Clone the git repository  
`git clone https://github.com/michaelhall28/clone-competition-simulation.git`

and install the code in this repository  
`uv pip install -e .`

## Running simulations

First, the parameters for the simulation are defined. The Parameters class checks that the parameters are appropriate for the chosen algorithm.
e.g.
```python
from clone_competition_simulation.parameters import Parameters, TimeParameters, PopulationParmaters, FitnessParameters
from clone_competition_simulation.fitness_classes import Gene, UniformDist, MutationGenerator

# Define the effect of mutations that appear during the simulation
mutation_generator = MutationGenerator(genes=[Gene(name='example_gene', UniformDist(1, 2), synonymous_proportion=0.5)],
                                        combine_mutations='multiply')

p = Parameters(
        algorithm=algorithm,
        population=PopulationParameters(grid_shape=(100, 100), cell_in_own_neighbourhood=True),
        times=TimeParameters(max_time=20, division_rate=1),
        fitness=FitnessParameters(mutation_rates=0.01, mutation_generator=mutation_generator)
    )

```

Then the simulation can be initialised and run from the parameter object

```
s = p.get_simulator()
s.run_sim()
s.muller_plot()
```

See the [docs](https://michaelhall28.github.io/clone-competition-simulation/) for more detailed guides.

### Updates from version 0.0.1 (pre-2025)

* The parameters are grouped by theme (timing, cell population, mutation fitness etc). Can be grouped using the 
  parameter classes or using dictionaries. 
* Some parameters have to be explicitly given instead of using default values (max_time, division_rate, 
  mutation_generator, cell_in_own_neighbourhood)
```python
####  Old 
p = Parameters(
    algorithm='WF2D', 
    grid_shape=(100, 100),
    mutation_rates=0.01,
)

####  New 
p = Parameters(
    algorithm='WF2D',
    population=PopulationParameters(grid_shape=(100, 100), cell_in_own_neighbourhood=False),
    times=TimeParameters(max_time=10, division_rate=1),
    fitness=FitnessParameters(mutation_rates=0.01, mutation_generator=mutation_generator)
)
# or
p = Parameters(
    algorithm='WF2D',
    population=dict(grid_shape=(100, 100), cell_in_own_neighbourhood=False),
    times=dict(max_time=10, division_rate=1),
    fitness=dict(mutation_rates=0.01, mutation_generator=mutation_generator)
)
```
* A yml file can be used to supply parameters.

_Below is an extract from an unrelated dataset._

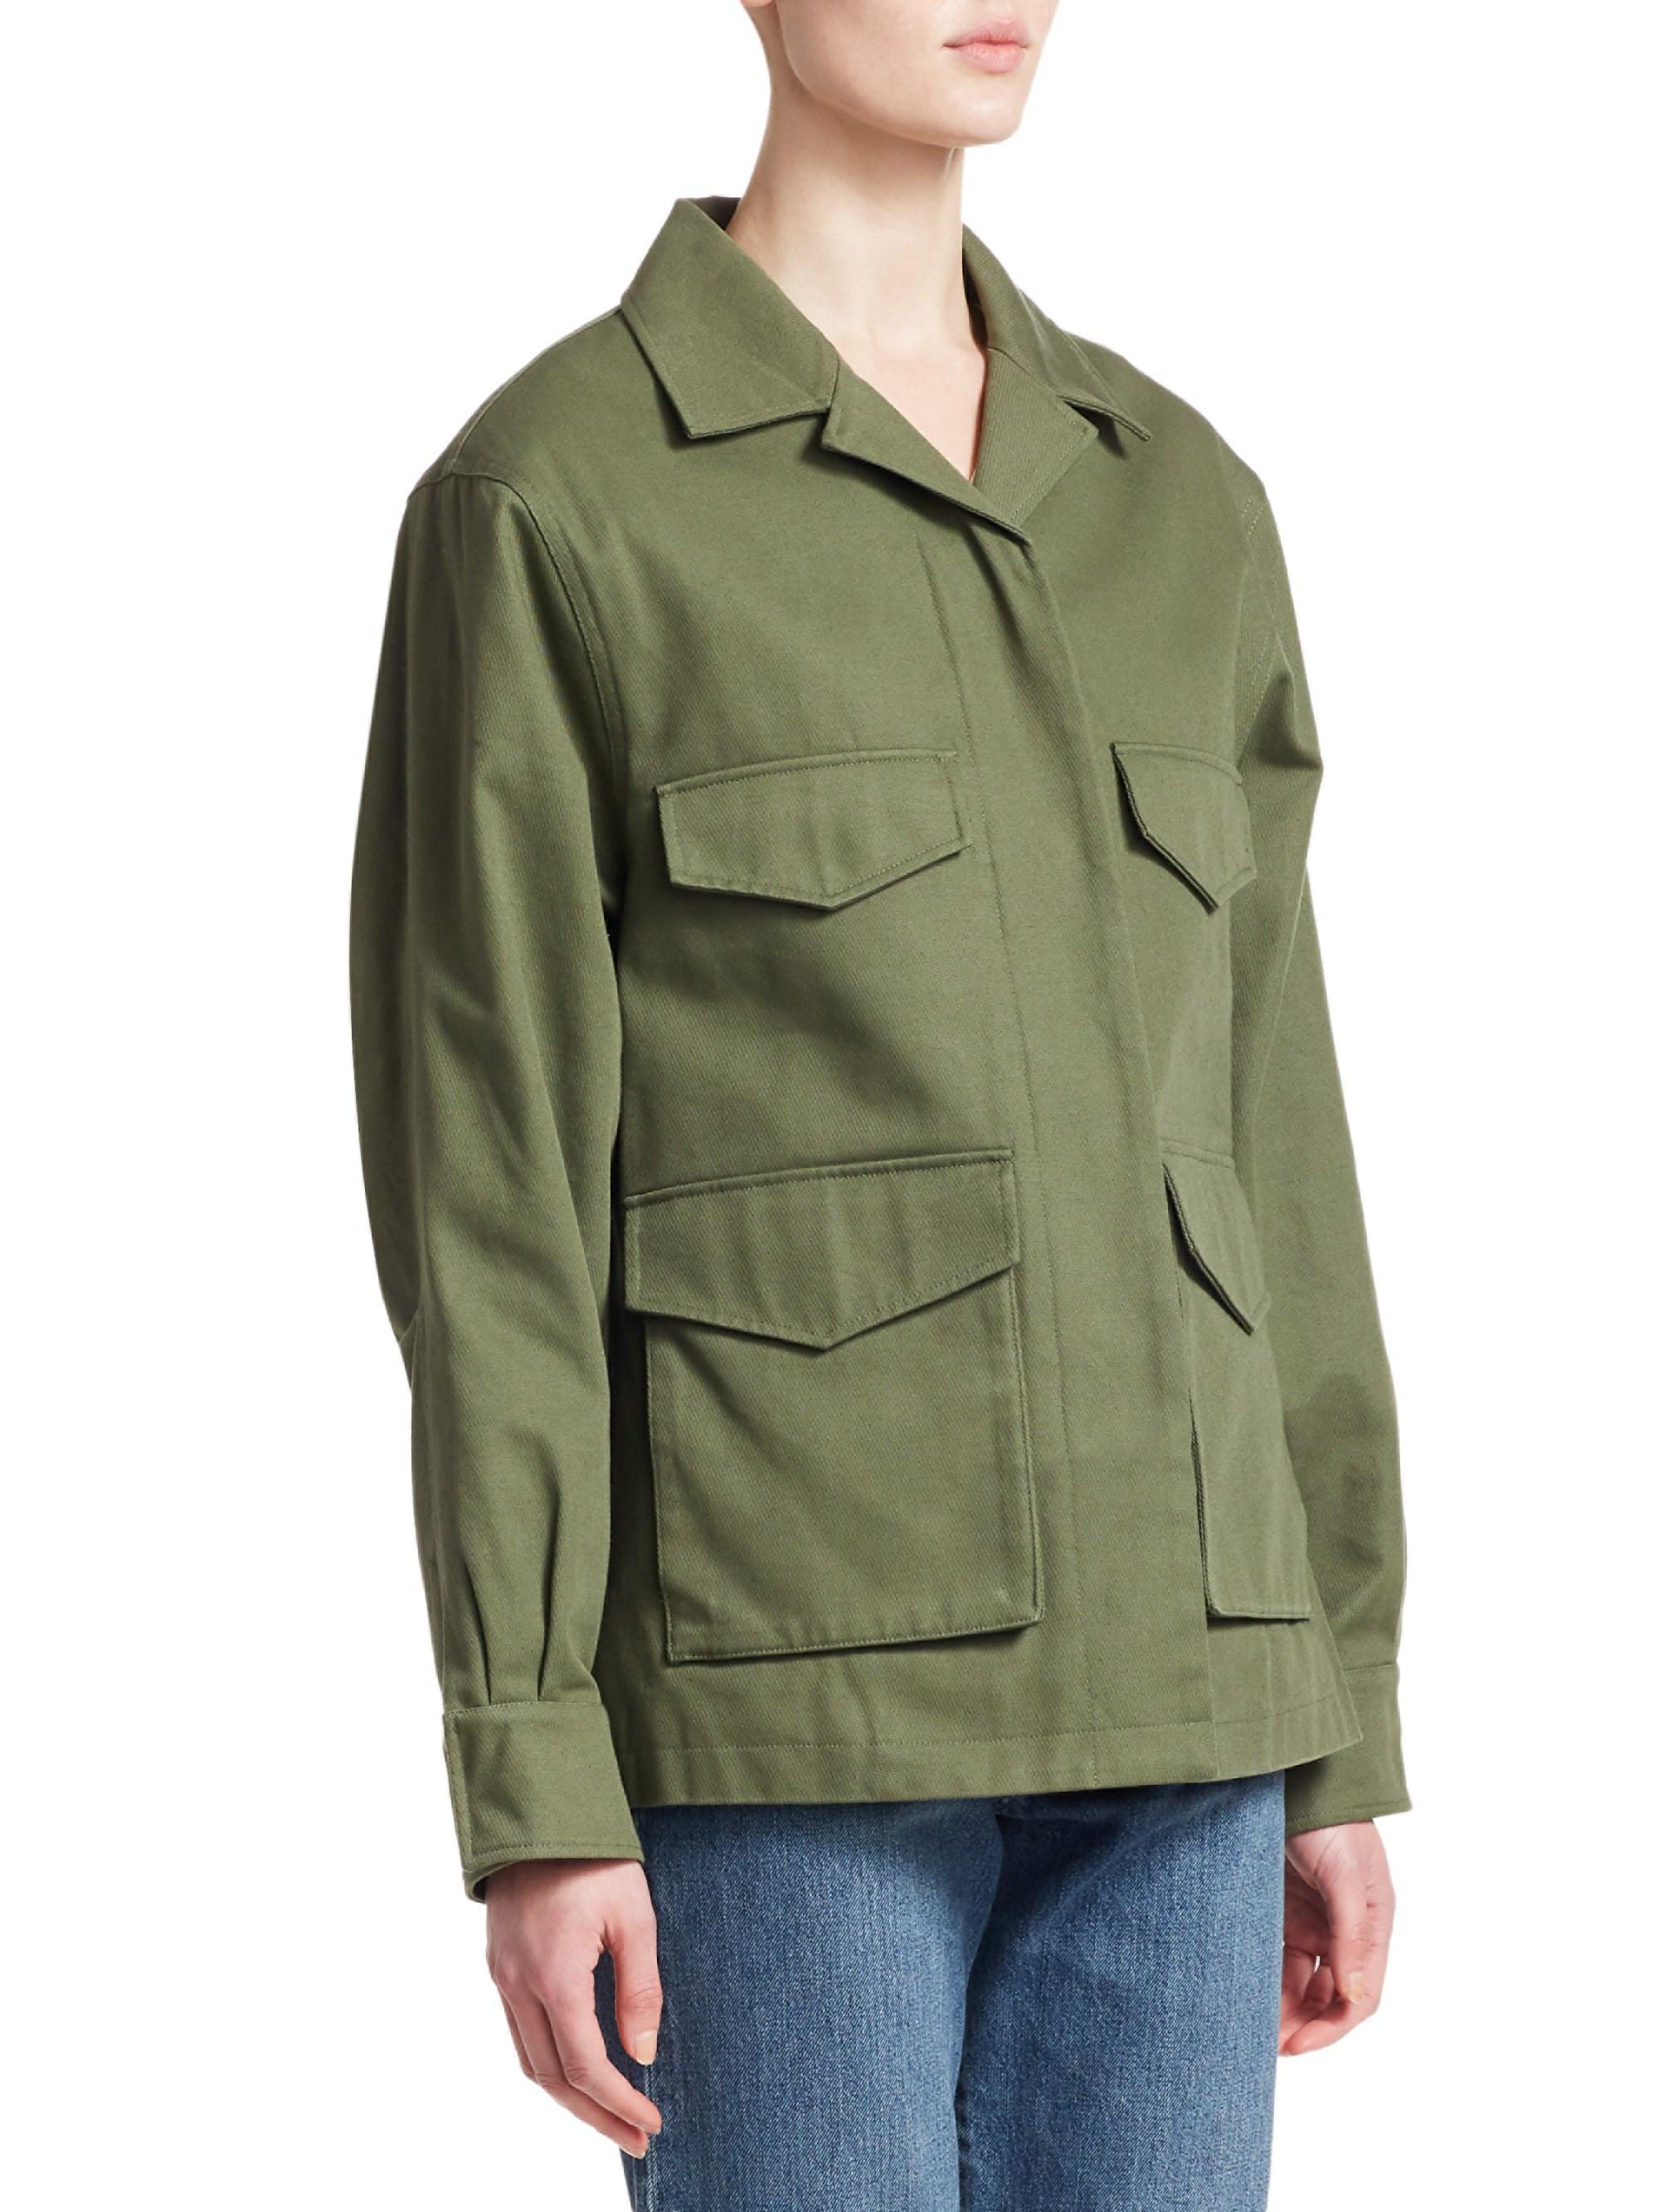 Totême Cotton Avignon Utility Jacket in Olive (Green) - Lyst

These can be combined with `__init__` parameters (guide coming soon)
* Biopsies are now Pydantic classes (`from clone_competition import Biopsy`) instead of dictionaries

See the [docs](https://michaelhall28.github.io/clone-competition-simulation/) for more details. 

## Algorithms
There are 5 algorithms that can be run.

Non-spatial algorithms:
- "Branching". A branching process based on the single progenitor model from Clayton, Elizabeth, et al. "A single type of progenitor cell maintains normal epidermis." Nature 446.7132 (2007): 185-189.
- "Moran". A Moran-style model. At each simulation step, one cell dies and another cell divides, maintaining the overall population.  
- "WF". A Wright-Fisher style model. At each simulation step an entire generation of cells is produced from the previous generation.

2D algorithms:
- "Moran2D". A Moran-style model constrained to a 2D hexagonal grid. At each simulation step, one cell dies and a *cell from an adjacent location in the grid* divides, maintaining the overall population.
- "WF2D". A Wright-Fisher style model constrained to a 2D hexagonal grid. At each simulation step an entire generation of cells is produced from the previous generation, where cell parents must be from the local neighbourhood in the grid.